Разъяренная, хмельная толпа бурлит, напирает.

— Пусть выйдет священник!

— Пусть выйдет!

На галерею выходит Мануэль Кампос, выходит и озирается по сторонам — ищет лазейку, чтоб удрать, но люди тесным полукольцом обступили галерею — уж очень им подозрительно показалось, что в такую темную, хоть и звездную, ночь в доме не горит ни одной свечи.

— Не вас нам надо, не вас, пускай священник выйдет!

— Скажите ему, чтоб вышел!

Хозяин дома, видно, порядком струсив, разводит руками:

— Нет его дома…

— Лучше пусть выйдет по-хорошему, нам надо с ним поговорить…
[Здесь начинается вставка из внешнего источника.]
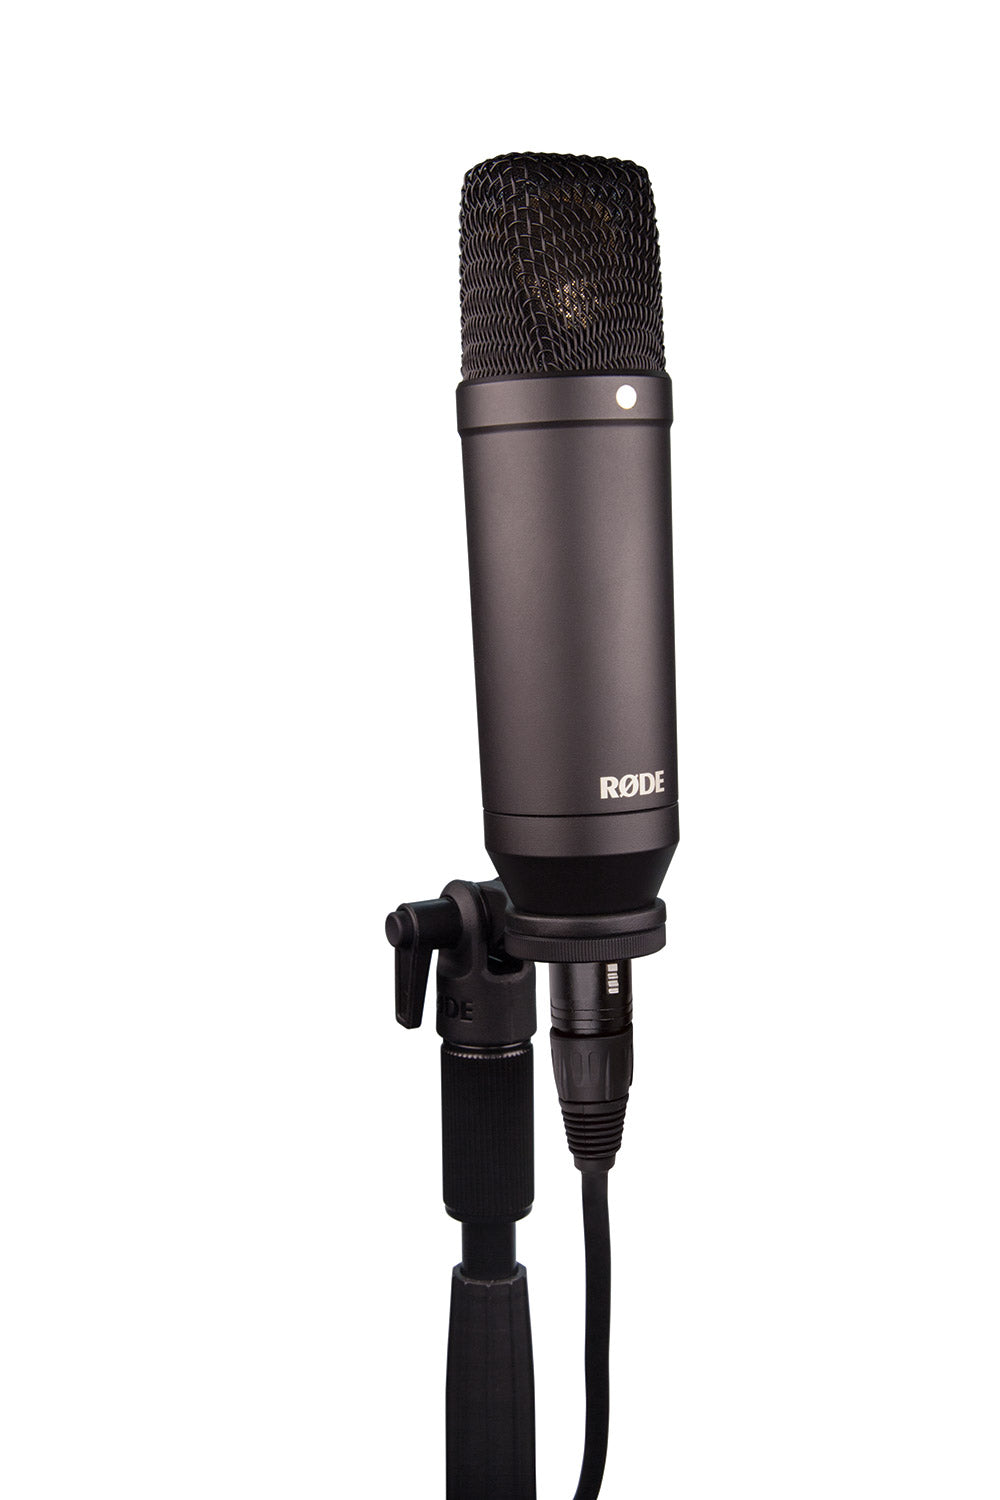 Rode NT1 Cardioid Condenser Microphone with Shockmount

Кто-то поднес сжатый кулак к самому носу Кампоса. Возмущение нарастает. Женский голос визгливо требует:

— И ризничего сюда…

— Зовите ризничего тоже… Посмотрим, как он теперь будет своими юбками трясти! — подхватывают остальные.

Ризничий — тощий, хлипкий метис — выходит на галерею, согнувшись так, будто его переломили пополам. Он хочет что-то сказать, объяснить, но только заикается и не знает, куда деть дрожащие руки. Наконец сплетает пальцы и умоляюще бормочет:

— Нет его… Он только что ушел…

— Куда ушел? — раздается строгий голос старосты.

— Говори, куда…

— Говори…

Женщины настаивают, мужчины угрожают.

— Нет его, а куда ушел, я не знаю, — твердит свое ризничий.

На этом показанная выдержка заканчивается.